Facebook sets eye on India to monetise its key services including Messenger and WhatsApp
Facebook has over 300 million users in India while its WhatsApp have another 400 million and Instagram over 70 million users.
Mark Zuckerberg is determined to converge all his platforms -- Facebook, WhatsApp, Messenger and Instagram -- for a unified experience for billions of users and India which is the largest market for some of its services, including WhatsApp, is going to play a critical role in the success of social networking giant's new montetisation mission.
According to the company, more than 2.1 billion people now use Facebook, Instagram, WhatsApp or Messenger (its 'Family' of services) every day on average, and more than 2.7 billion people use at least one of its 'Family' of services each month.
In India, Facebook has over 300 million users, WhatsApp another 400 million and Instagram over 70 million (millennials are the largest user group).
In recent communications, Zuckerberg has talked about merging many of its services so that people can message seamlessly across platforms.
About one-fourth of WhatsApp's 1.5 billion users are in India.

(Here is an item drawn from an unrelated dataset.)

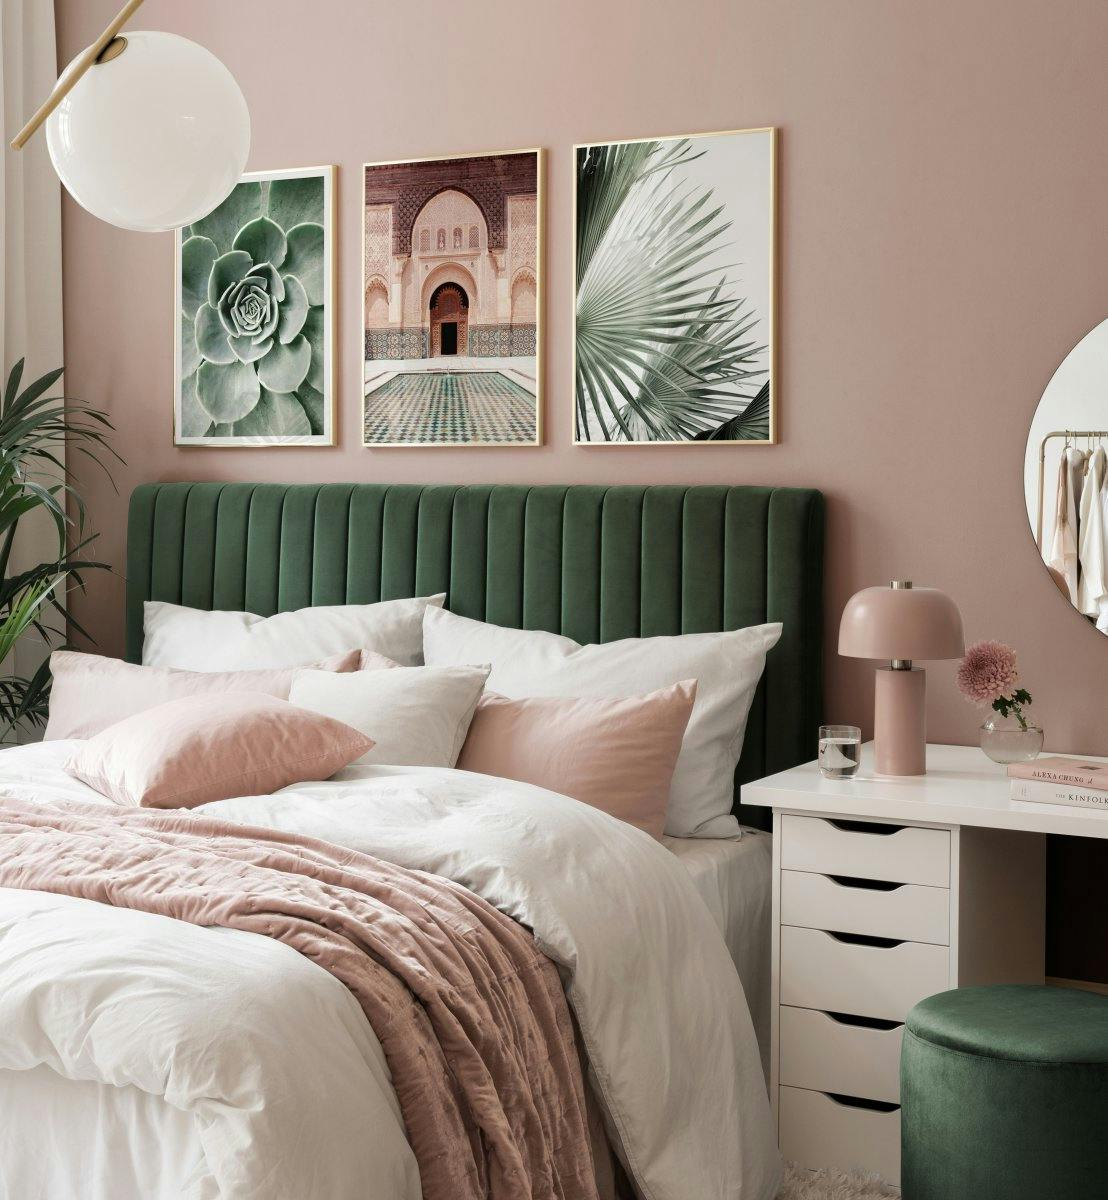 Fotoposters av arkitektur och växter i grönt och beige för sovrummet

It is, therefore, no surprise, that Facebook chose the Indian market to test-run its digital payment service, before rolling out similar experiments in other countries.
After about one and a half years of test run, WhatsApp is now close to launch its Pay service later this year which could dominate the payment economy, given the fact that almost every Indian who has a smartphone or a Jio phone seems to have taken a liking for WhatsApp despite all the flak it received for its failure to effectively contain the spread of fake news.

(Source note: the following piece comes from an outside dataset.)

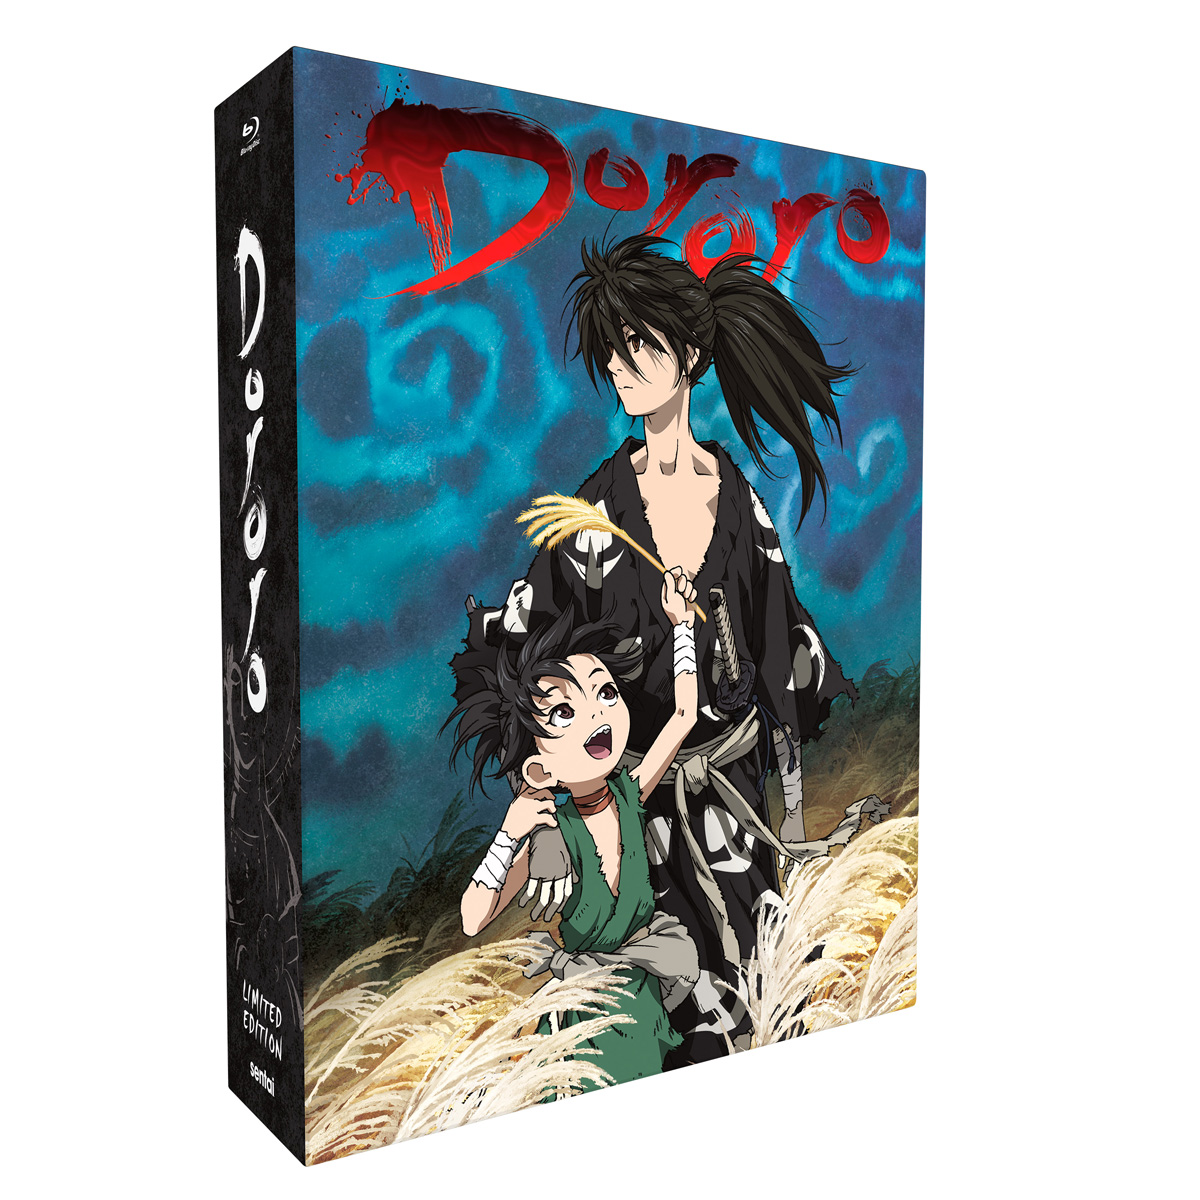 Dororo DVD  Crunchyroll Store

WhatsApp also launched a separate app for businesses last year and while the company is yet to disclose the exact number of businesses using the service, they are in millions globally.
While WhatsApp for Business app is free to download, Facebook is trying to find ways to monetise this service by bringing traffic from its other platforms.

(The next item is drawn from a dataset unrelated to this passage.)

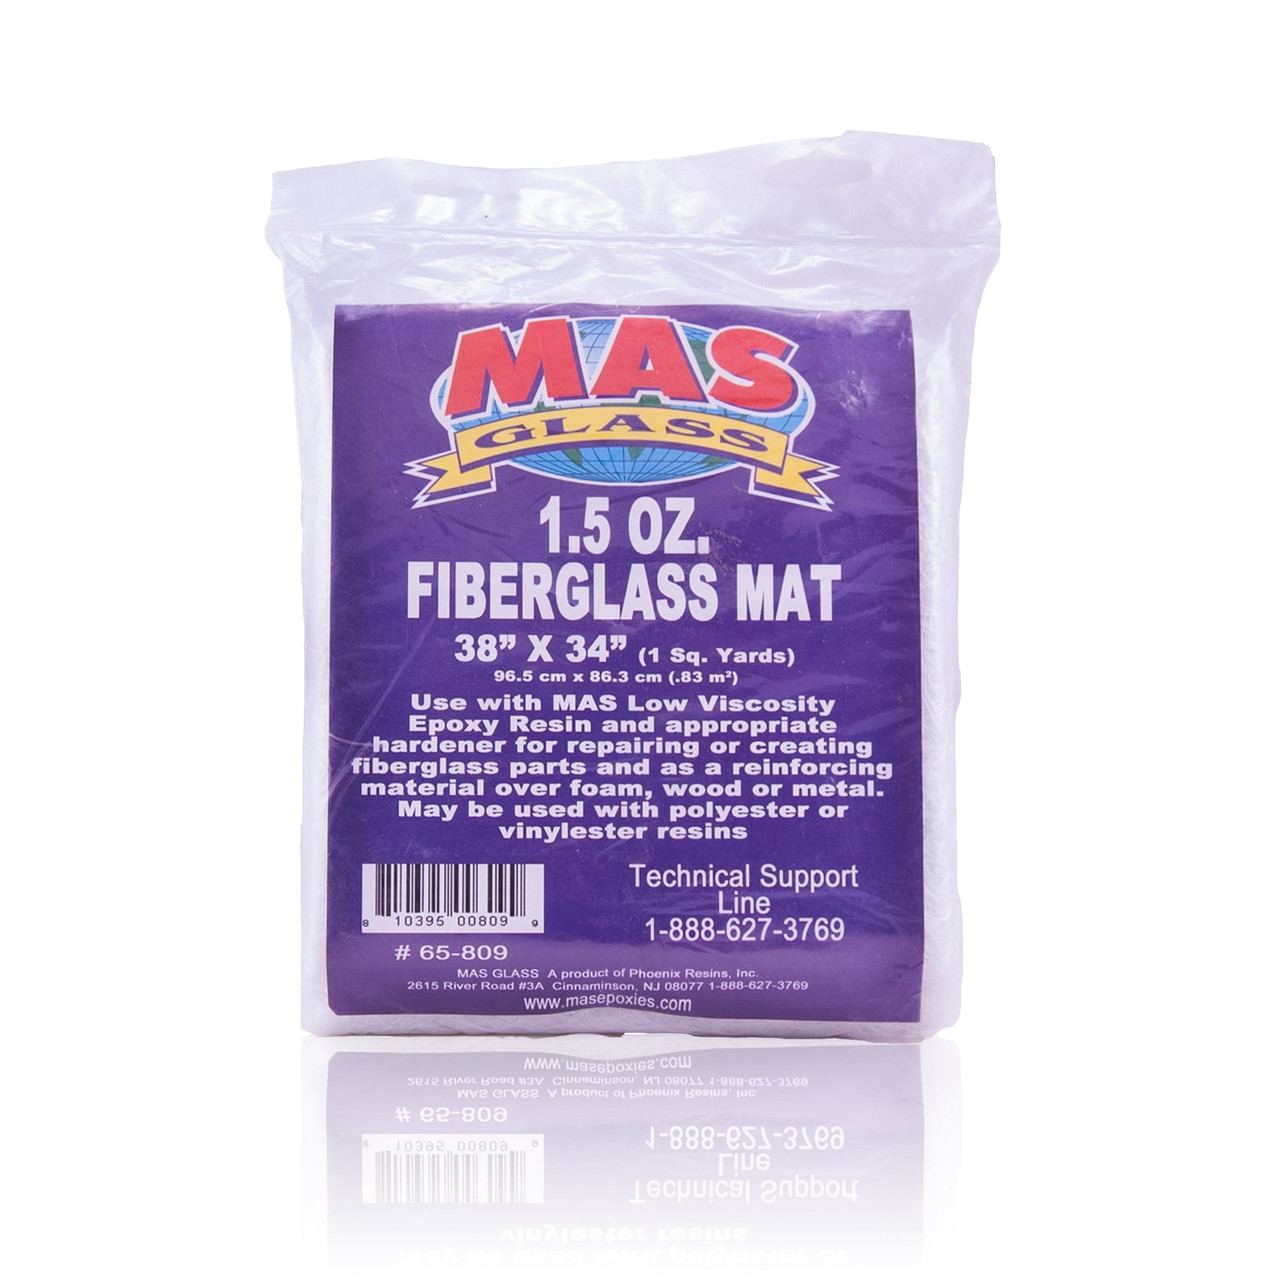 1.5 oz. Fiberglass Mat

"We helped businesses make the shift to mobile and now we are helping them shift to Stories, video and eventually messaging," Facebook Chief Operating Officer Sheryl Sandberg said during the earnings call with analysts after the second quarter results.
An integrated messaging ecosystem plus a payment service may open the doors for various other services, including shopping, for Facebook in India in the near future.
With its photo-sharing app Instagram, Facebook has, in fact, dabbled into shopping in a limited way.
"It's early days for shopping on Instagram, but we're excited about this over the long run," Sandberg revealed.
"In the future, we'll enable people to use the same payments account to send money to friends and businesses on WhatsApp, shop on Instagram, or make transactions on Facebook," Zuckerberg said.
The challenge for Facebook, would be to get the next billion users to its platform as about 2.7 billion people today use the Facebook app, or the Facebook-owned Instagram, WhatsApp, or Messenger each month out of about 3.8 billion people who are connected to the Internet in the world.
Zuckerberg knows it well that it cannot get the next billion users if it ignores India as more than half a billion people in the country are yet to go online.
Another challenge would be to retain the people who are already in its network, especial in view of the growing popularity of the Chinese short video-sharing app TikTok in India.
The good news for Facebook is that it has continued to grow despite all the challenges it has faced in the past 15 years of its existence, including the Cambridge Analytica scandal.
Even its revenue has grown, so has its expenses, especially due to the historic $5 billion settlement that it has reached with US Federal Trade Commission (FTC) due to privacy concerns.
Facebook expects its full-year 2019 expenses to grow to 61 per cent compared to last year and the expense linked to FTC settlement alone accounts for close to 16 percentage points of this anticipated expense growth.
In fact, besides increasing expenses, the focus on privacy could slow the process of rolling out new products for the social networking giant.